The archetypal swing voter is the moderate suburbanite who is pro-choice. Polls show about 2/3 of voters overall are pro-choice, including about 1/5 of Trump's 2016 voters in many states. Morning Joe (a Republican) was talking about this the other day, that he went through some of the data in swing states and there is a possibility those pro-choice voters could worry about Roe being overturned. What seemed unlikely years ago with a fairly divided court could become all too real with a hard-right 6-3 court.

The issue of choice is inextricably tied to women's rights and to the liberalism that RBG (and hopefully everyone posting on a site like this) believes in. It is a core belief that must be fought for. It is also a class issue as the anti-choice position merely equates to 'coat hangers' and backalley abortions for poor women, while rich women will still have access to safe procedures.

This does not mean we focus solely on this issue, or to the exclusion of other 'bread and butter' issues like the economy, jobs, healthcare, prescription drugs etc. We can focus on both social and economic justice while tying it all together as fighting for an America that is better for the wide spectrum of middle and working class women and men of all colors and creeds. Everything Biden and Dems have been saying recently points to this strategy.

Bush v. Gore asserted that the Constitution gives state legislatures

the final authority in selecting the slate of electors if the legislature feels the official vote can't be trusted or is somehow in doubt.

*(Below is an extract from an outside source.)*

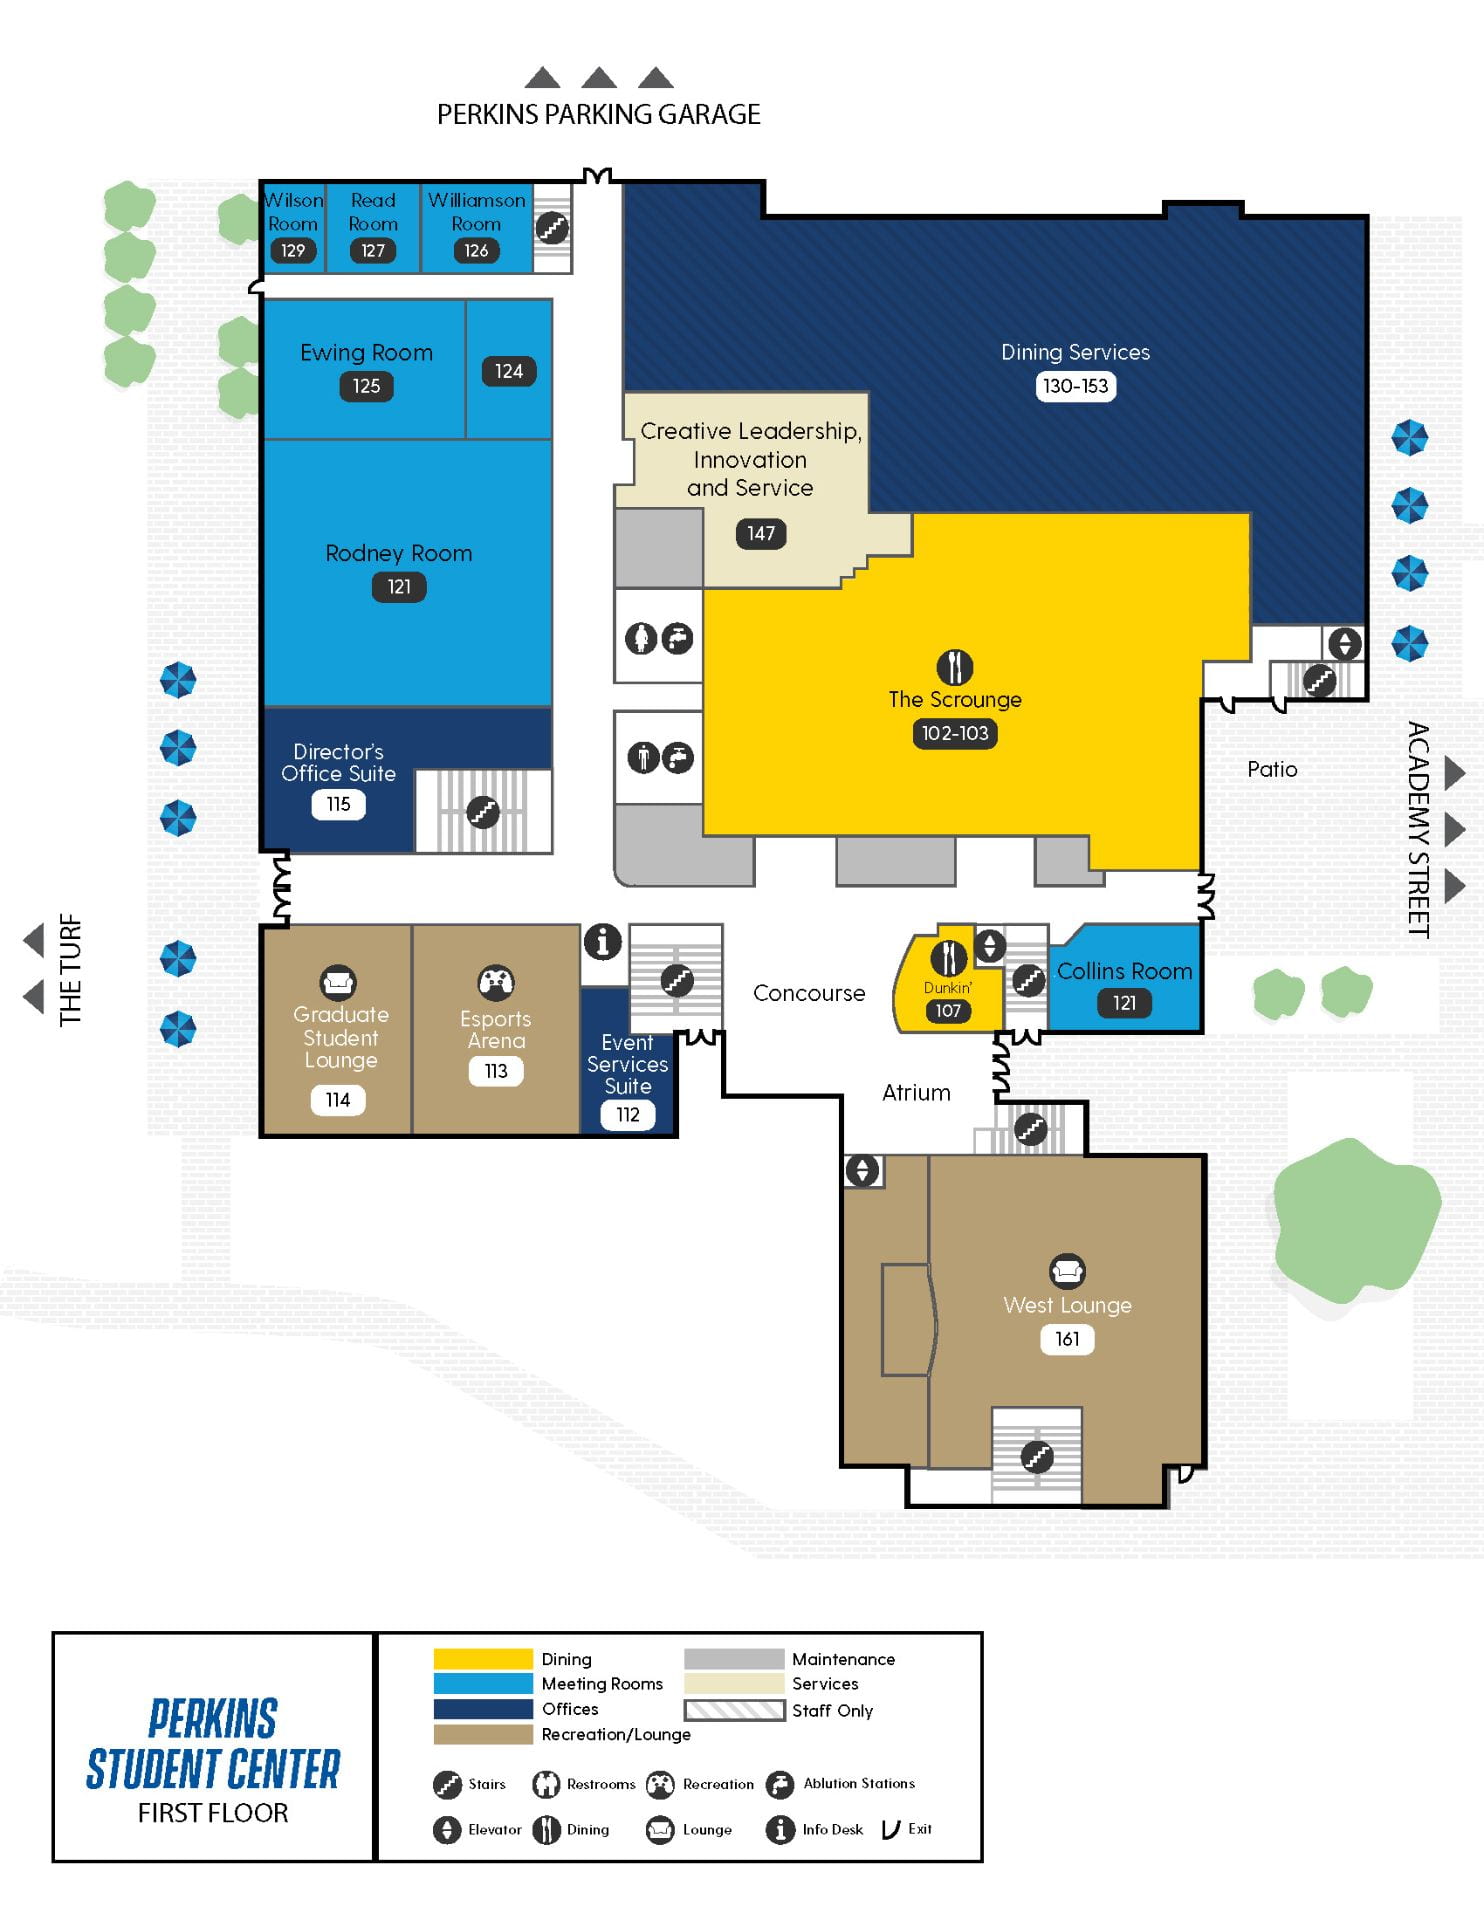 Perkins First Floor Map, showing The Scrounge, The Den by Dennys, Dunkin', Graduate and West Lounge, Esports Arena, Event Services Office, and several reservable meeting rooms

If you read the Atlantic article several ugly scenarios are possible, knowing what Trump/Barr/GOP are capable of at this point.

As the OP correctly points out, our system is rickety and the Constitution does not spell out or much less guarantee a fair election (based on the will of the people) or peaceful transition of power. Much of what we view as a 'normal election' is based upon custom.

Threat of mass boycotts of the state are imo a better tactic.

I was thinking about this. From now we should simply threaten to organize mass boycotts of any state (including any major industries and products) that would seek to undermine the will of the voters of that state. No party or politician wants to be blamed for their state and local economies being bankrupted - which is what we can easily do to them with 70+ million angry Democrats.